Entre ellos, Marco Izquierdo, de 88 años, quien llegó desde la comunidad de Sinincay para escuchar la ceremonia religiosa en esa iglesia. “Bien dicen que la fe mueve montañas y esta no es la excepción; el Niño de Cuenca salió para dar alegría y su mensaje es la paz y la libertad”, exhortó el devoto.

“Felices estamos, de saber que el Pase del Niño de Cuenca se lo realiza en este nuestro sector; no sabíamos de su existencia y para nosotros que somos muy devotos, esto marca un hito religioso”, suspiró con emoción Marlene Zhingri mientras caminaba con sus hijos acompañando a la imagen.

Según Santacruz, la imagen tiene el sentido de catequesis y de evangelizar al mundo.

Historia
La historia del Niño de Cuenca, data de la acción que tuvo Luis Alberto Luna Tobar, tercer arzobispo de Cuenca, quien entonces lo trasladó junto con otras imágenes religiosas como la del Señor de la Buena Esperanza, a la Catedral La Inmaculada. “Estaban expuestas a la veneración de los fieles en el tiempo de Navidad hasta que llegó Vicente Cisneros, cuarto arzobispo de Cuenca, quien resolvió guardarla por seguridad y desde entonces ha permanecido en la Iglesia La Inmaculada”, agregó.

Contó también que fue en mayo de 2017 que Marcos Pérez, actual arzobispo, enalteció la imagen de El Niño de Cuenca bajo la advocación del Niño de la Anunciación, por las festividades del Anuncio del Ángel a María y está expuesto todos los días en la Capilla de la Virgen Dolorosa, en El Sagrario.

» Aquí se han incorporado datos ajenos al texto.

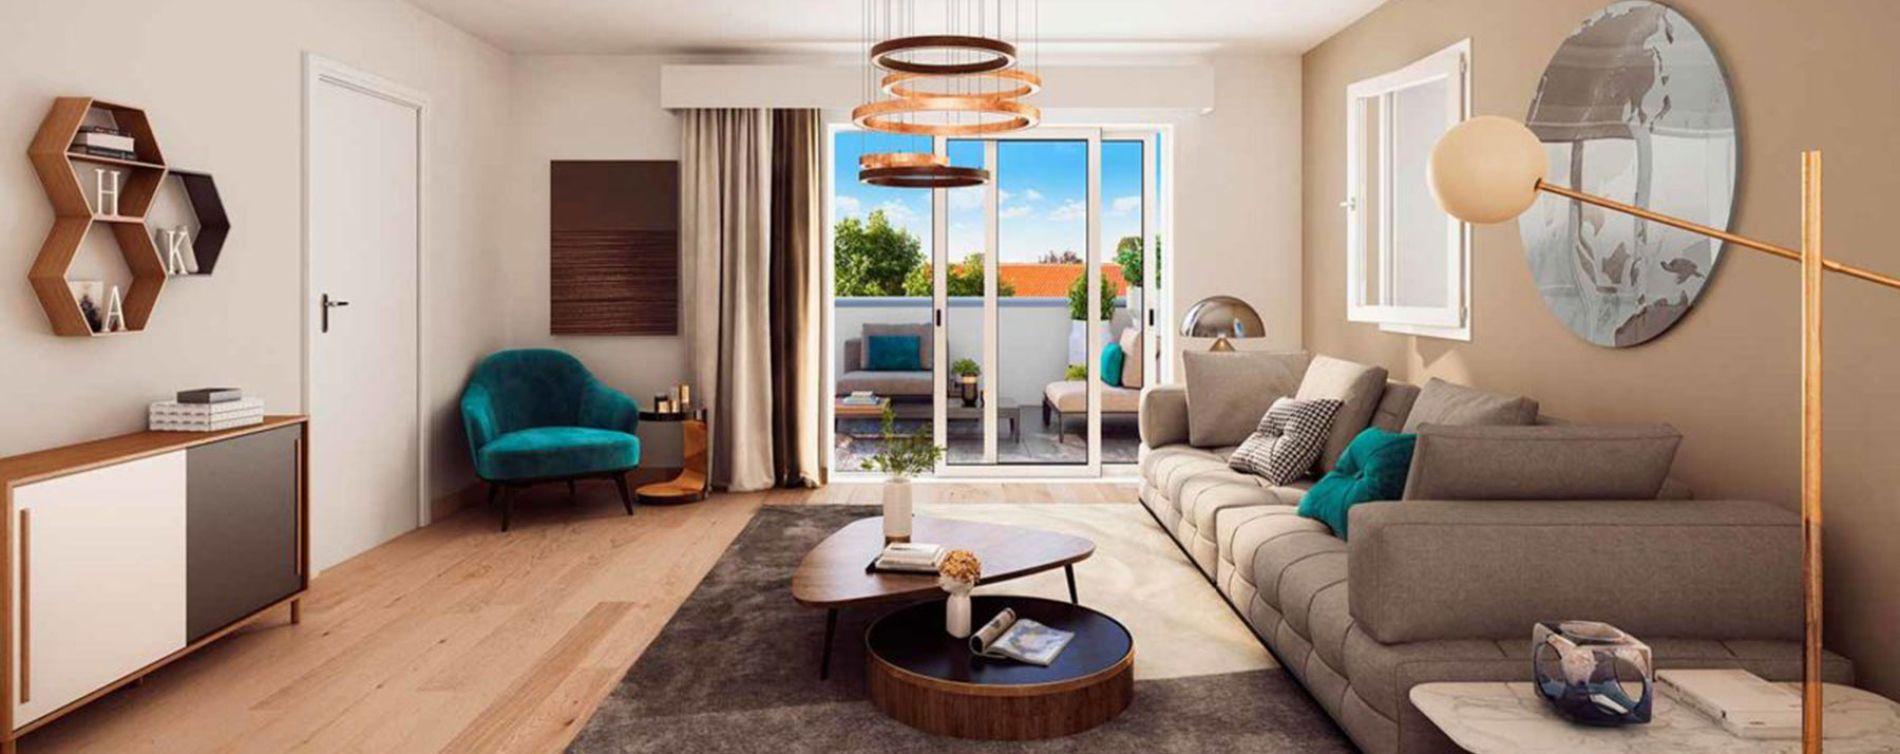 Soorts-Hossegor : programme immobilier neuve « Programme immobilier n°219043 » en Loi Pinel (4)
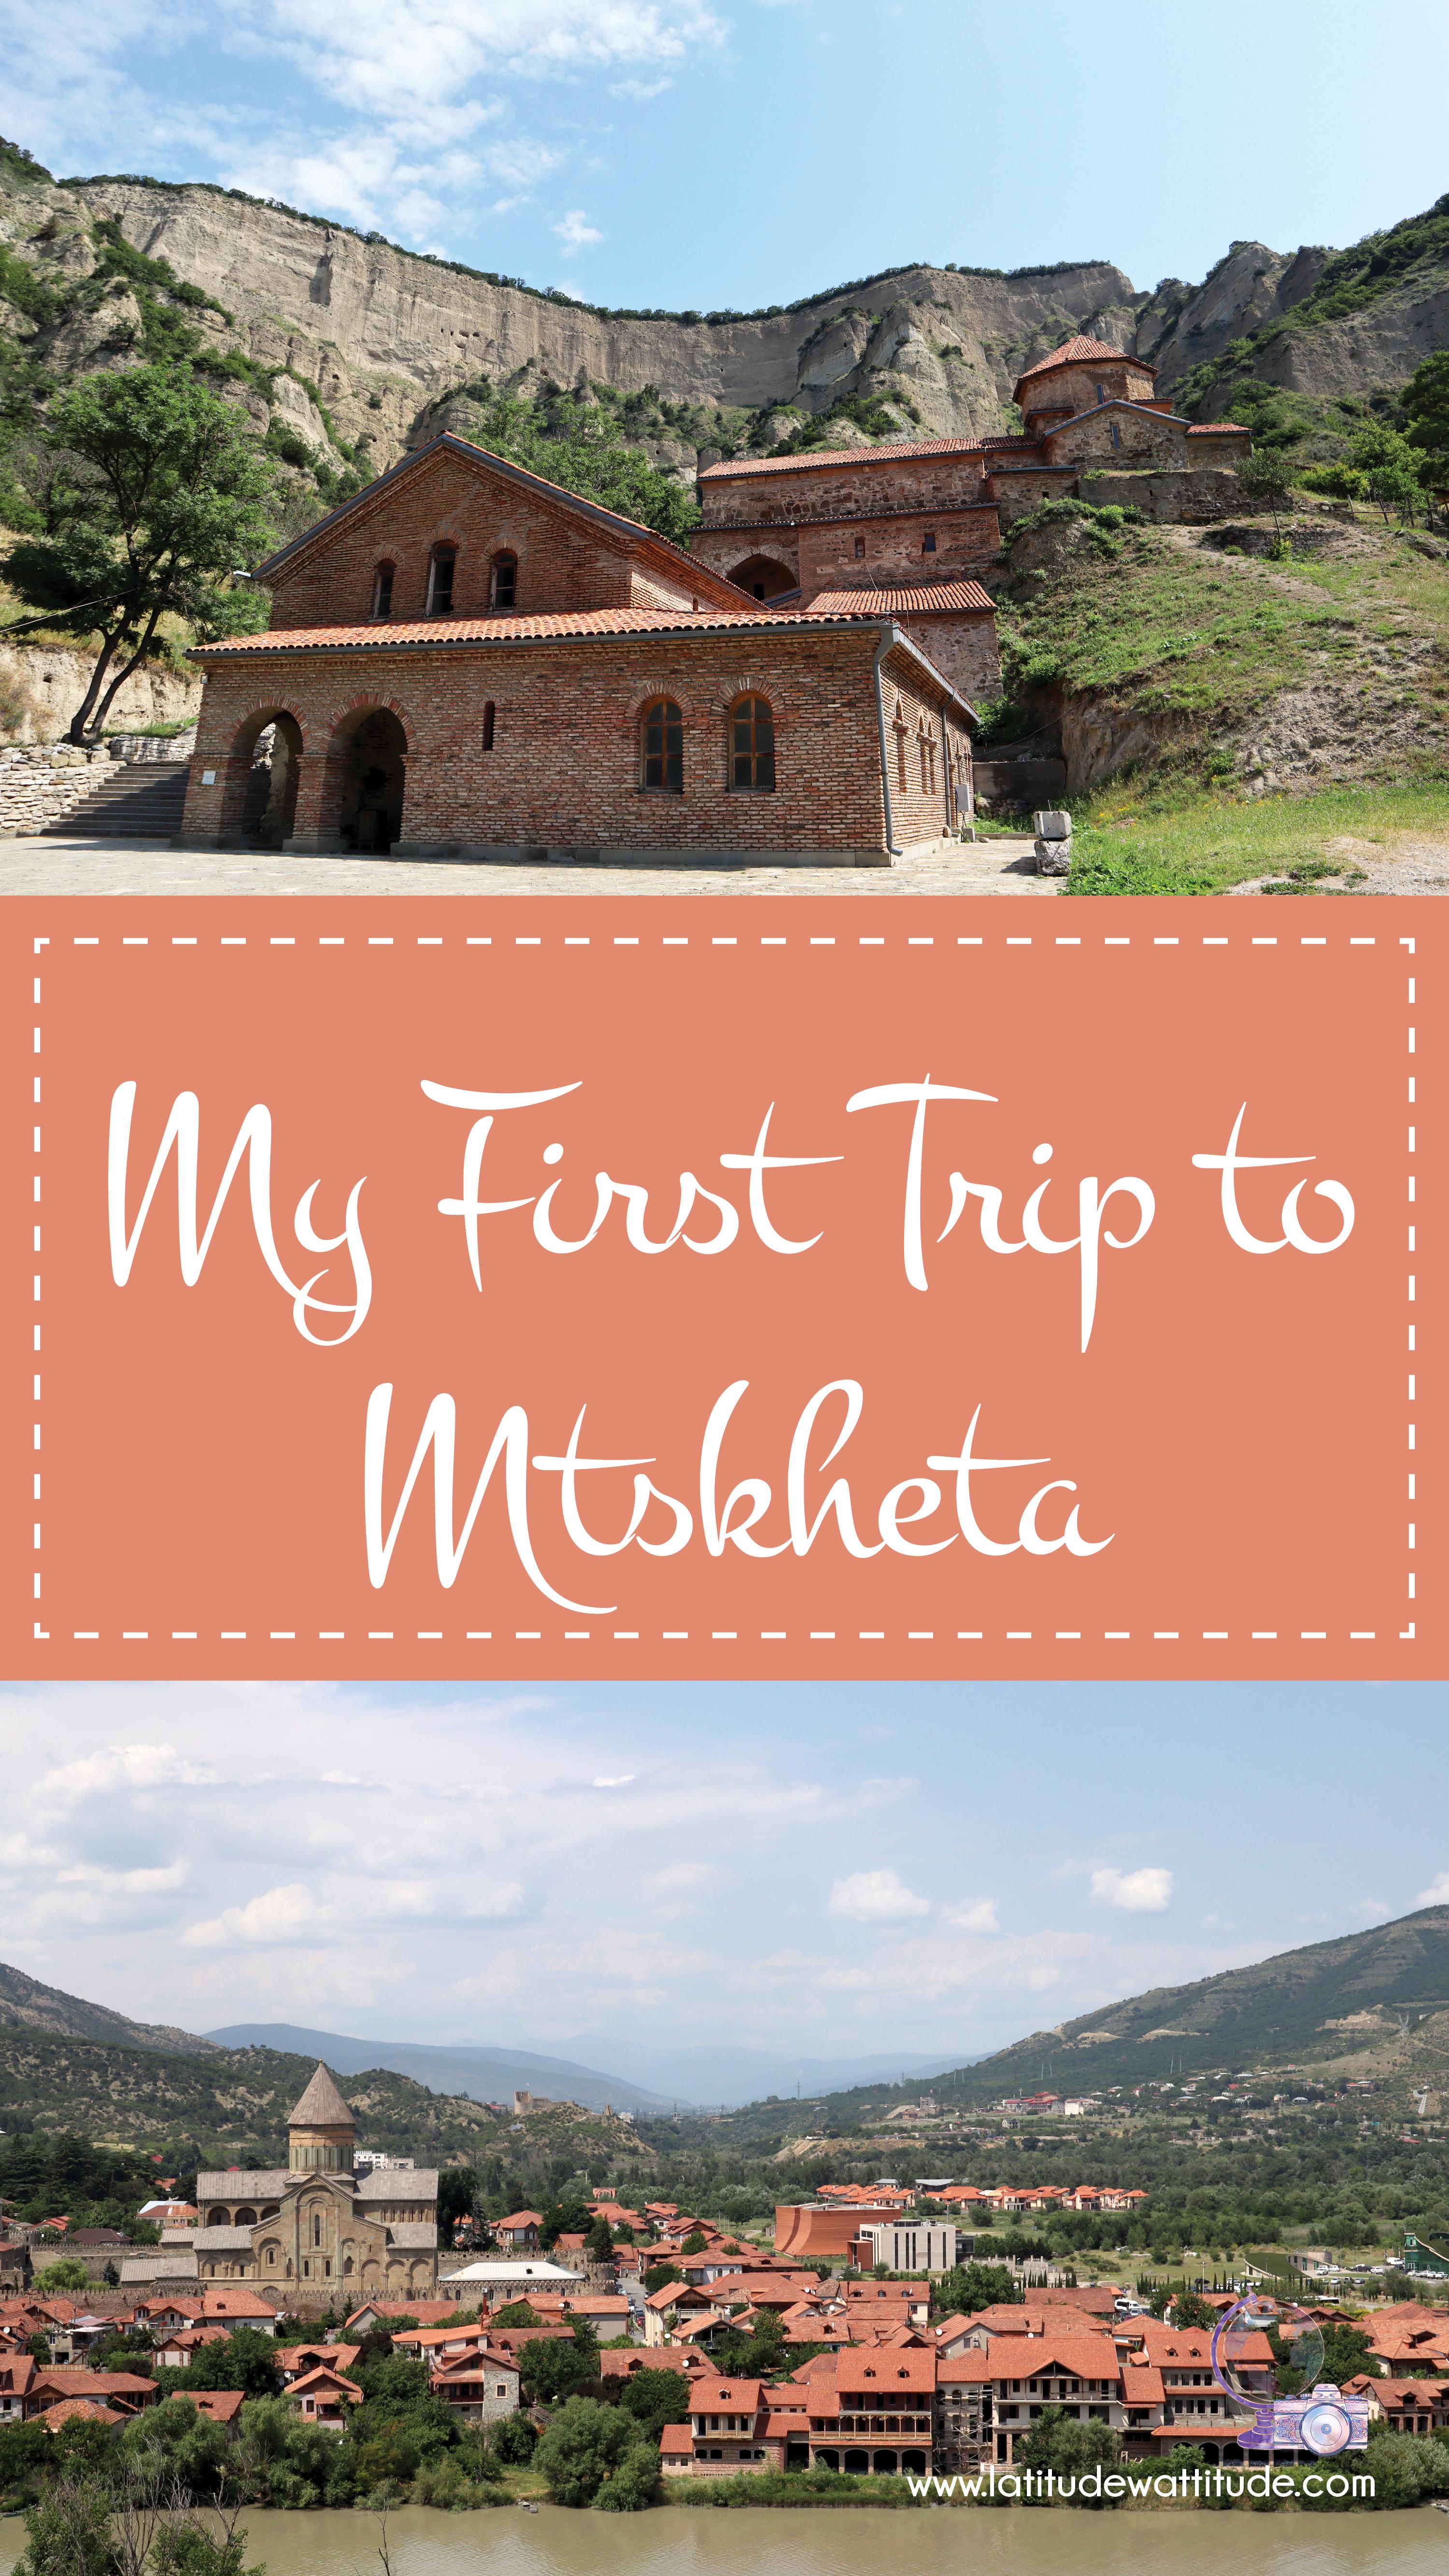 Mtskheta.png

El Niño de Cuenca está hecho en madera y su estado es muy bien conservado, según Santacruz y en lo mismo coincide Gerardo Machado director del Economuseo Casa del Sombrero del Municipio de Cuenca, quien explicó que existe una connotación especial para que el recorrido se lo realice en la calle Rafael María Arízaga, pues es la de los hechos históricos, de los personajes y de las artes y oficios, “por lo que se constituye en la calle de la Libertad”. (I)

DATOS
-Permanencia. En el Economuseo donde hay una exposición y luego será trasladado a la Catedral La Inmaculada.
-Vestuario. El traje fue confeccionado por las personas que laboran en el Economuseo con características de la cuencaneidad.
-Tradición. El Pase del Niño de Cuenca, será cada 1 de diciembre en conmemoración de la Declaratoria como Patrimonio Cultural de la Humanidad.